*** Information shown Section Begins ***

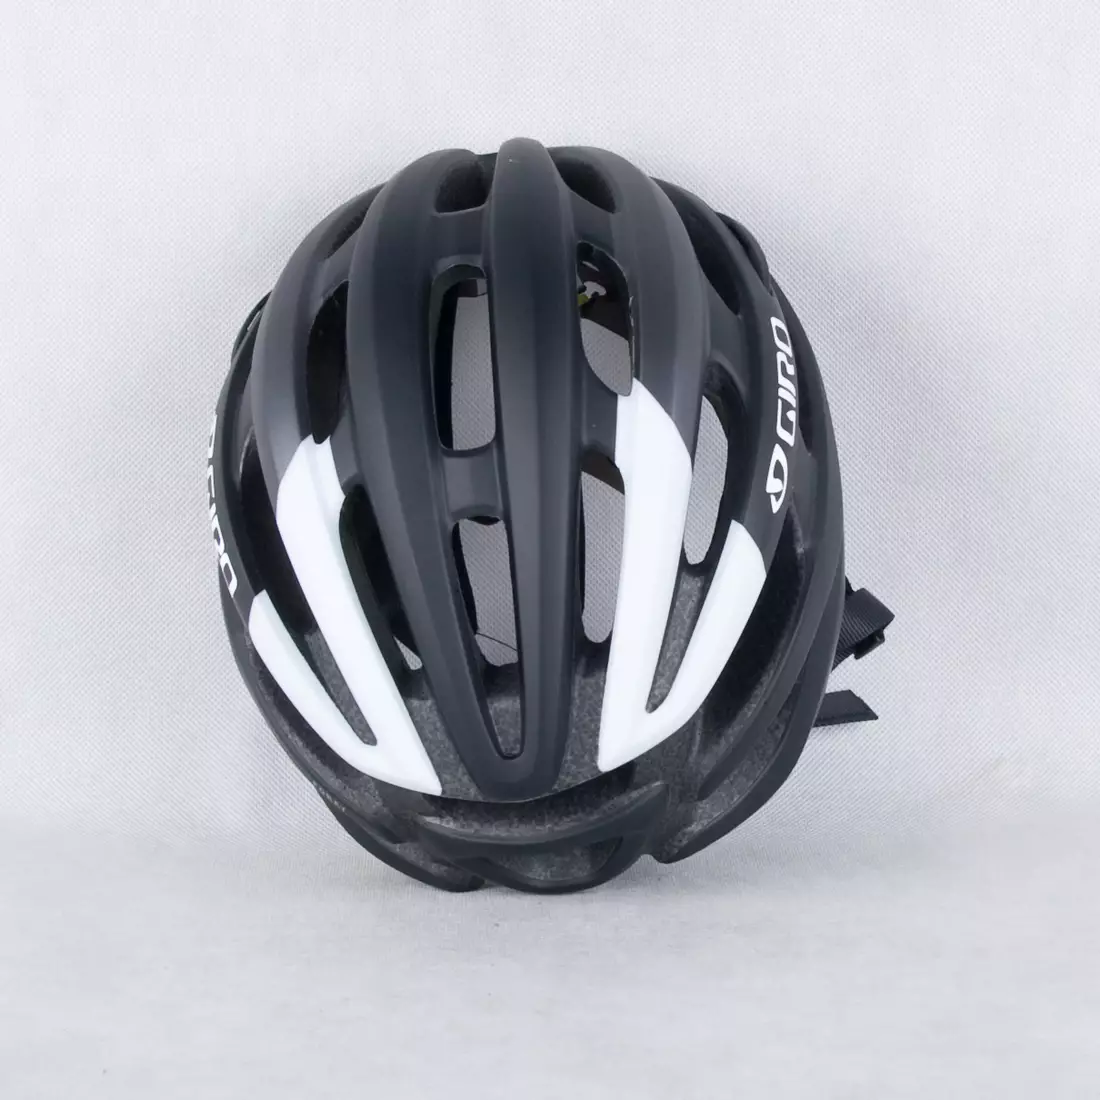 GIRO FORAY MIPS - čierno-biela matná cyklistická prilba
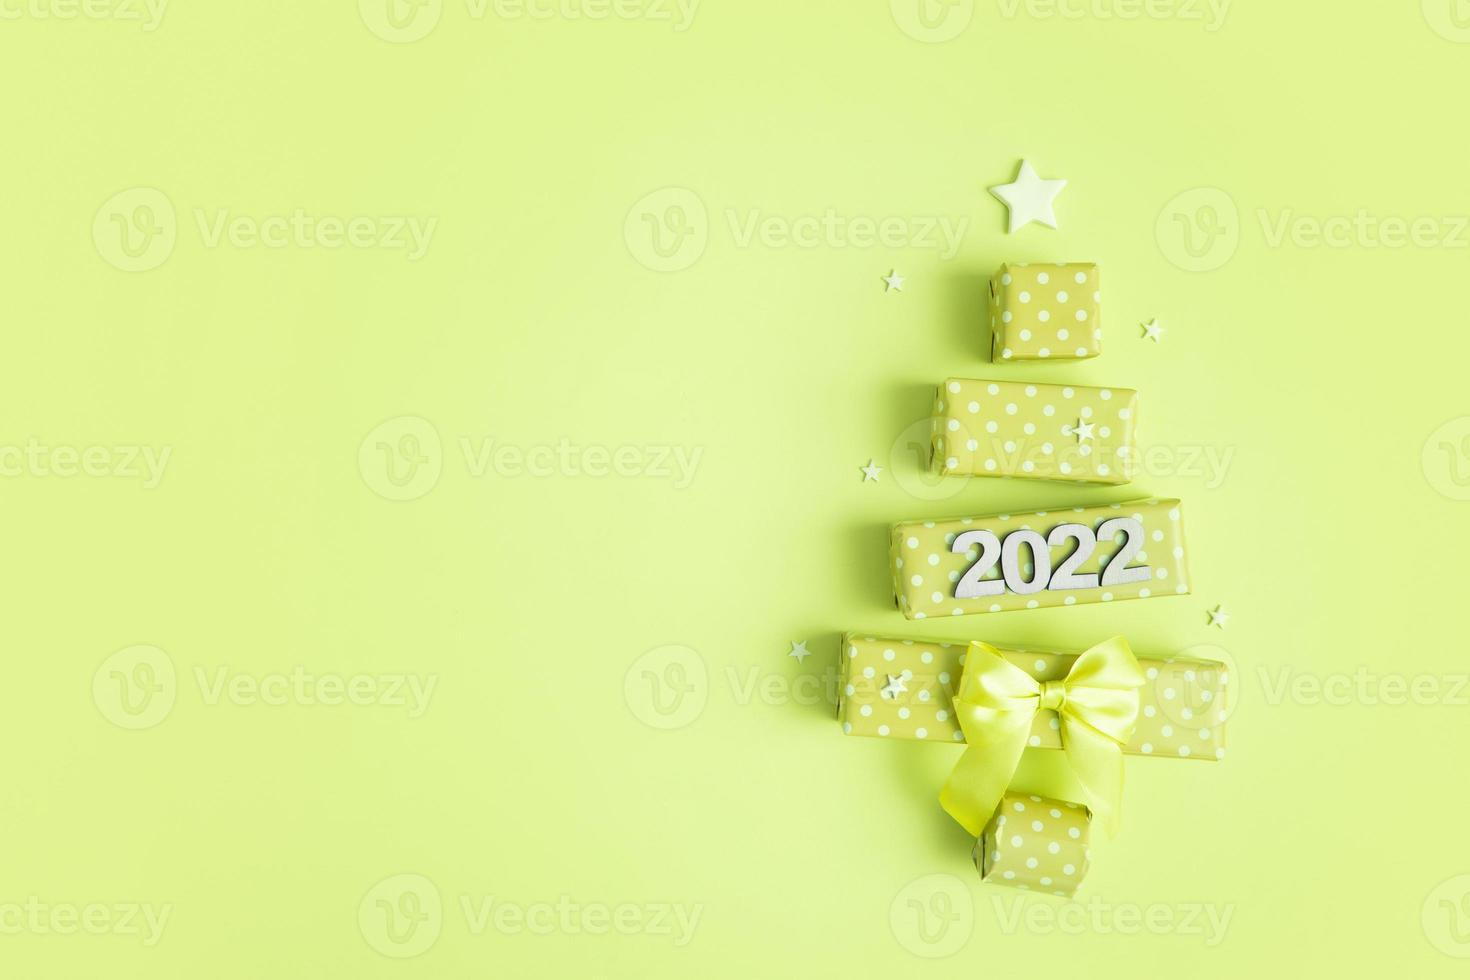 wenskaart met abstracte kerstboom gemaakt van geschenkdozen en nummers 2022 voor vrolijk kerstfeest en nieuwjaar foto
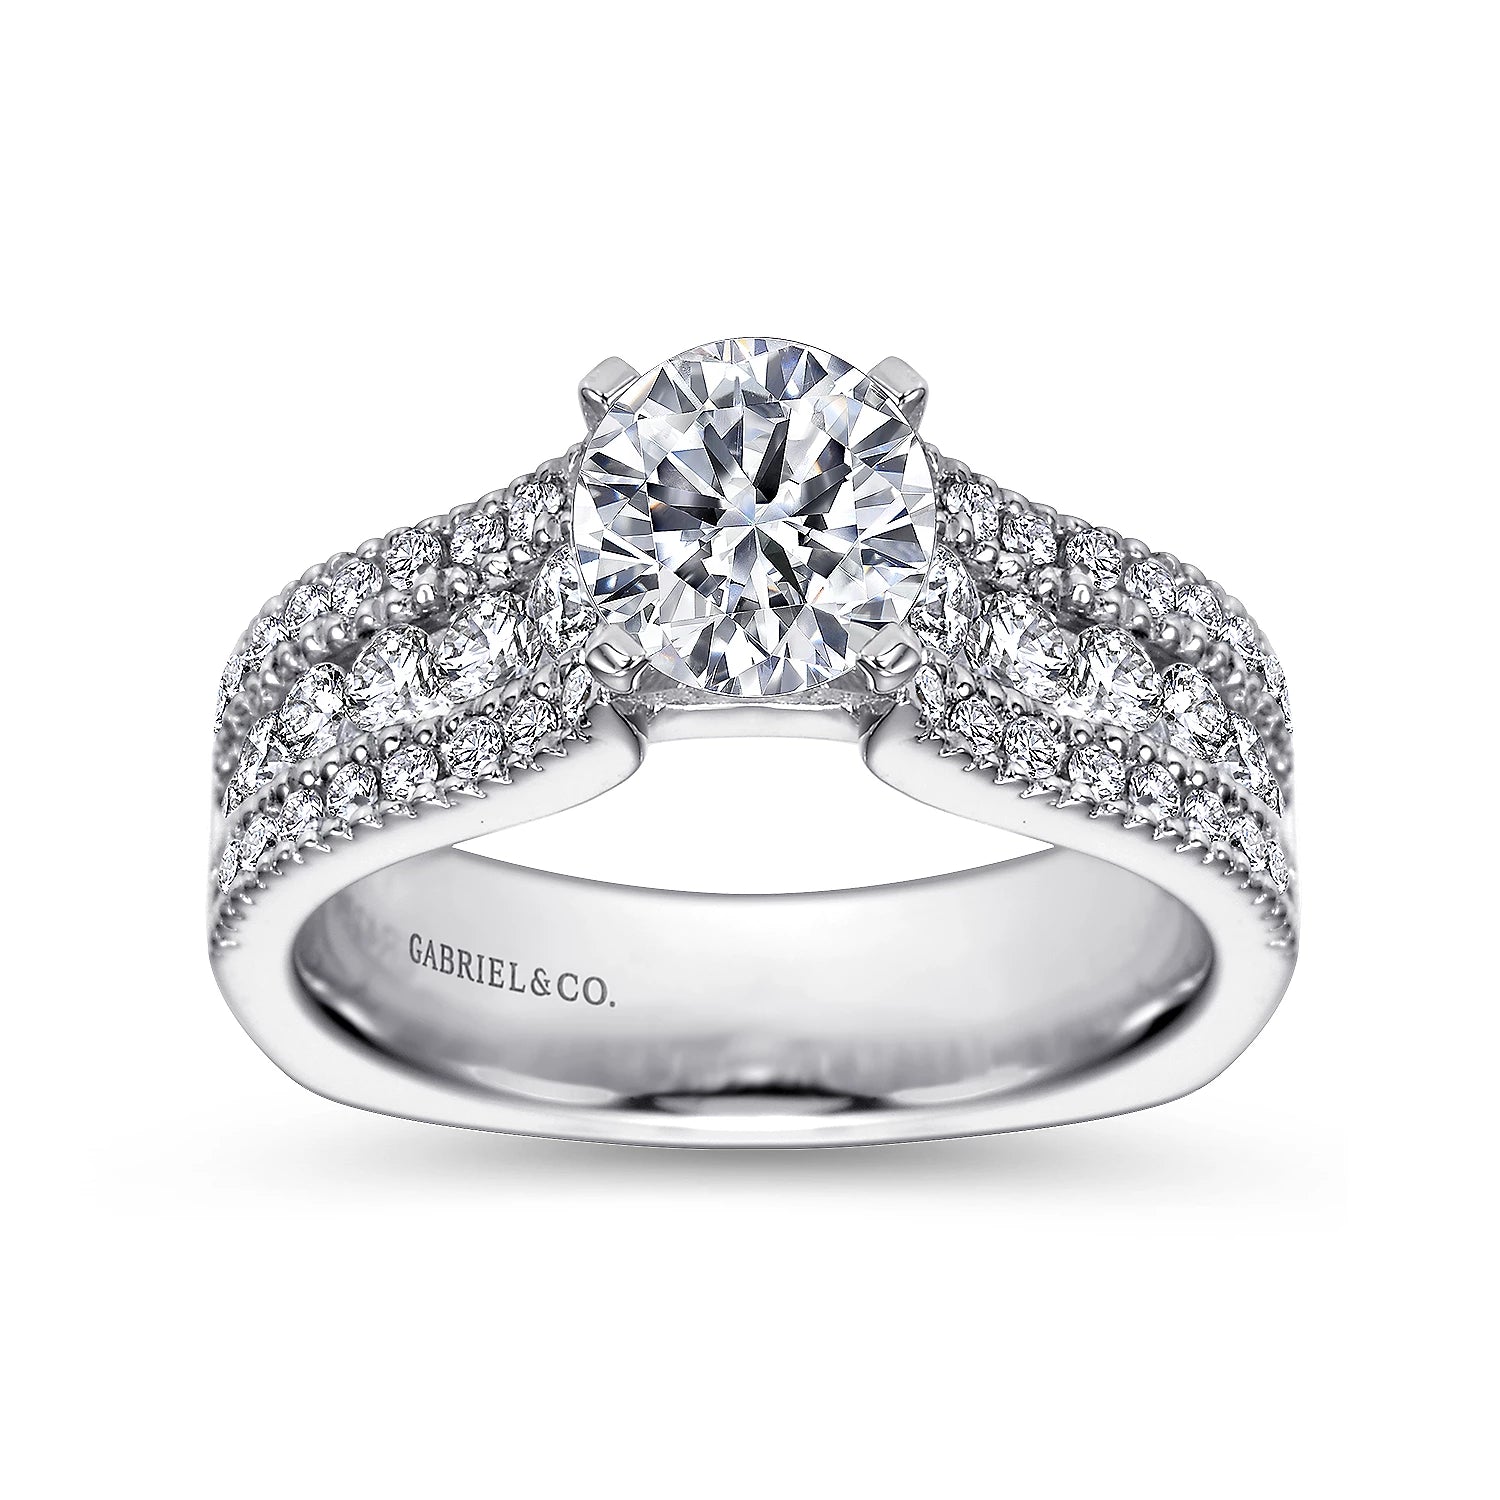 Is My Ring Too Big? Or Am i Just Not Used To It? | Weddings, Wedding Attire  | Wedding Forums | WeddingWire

*** Information shown Section Ends ***

**The task**
Your reply should consist of the data, transcribed exactly, and should hold no pictures.

**Solution to this problem**
 GIRO FORAY MIPS - čierno-biela matná cyklistická prilba
 wenskaart met abstracte kerstboom gemaakt van geschenkdozen en nummers 2022 voor vrolijk kerstfeest en nieuwjaar foto
 Is My Ring Too Big? Or Am i Just Not Used To It? | Weddings, Wedding Attire  | Wedding Forums | WeddingWire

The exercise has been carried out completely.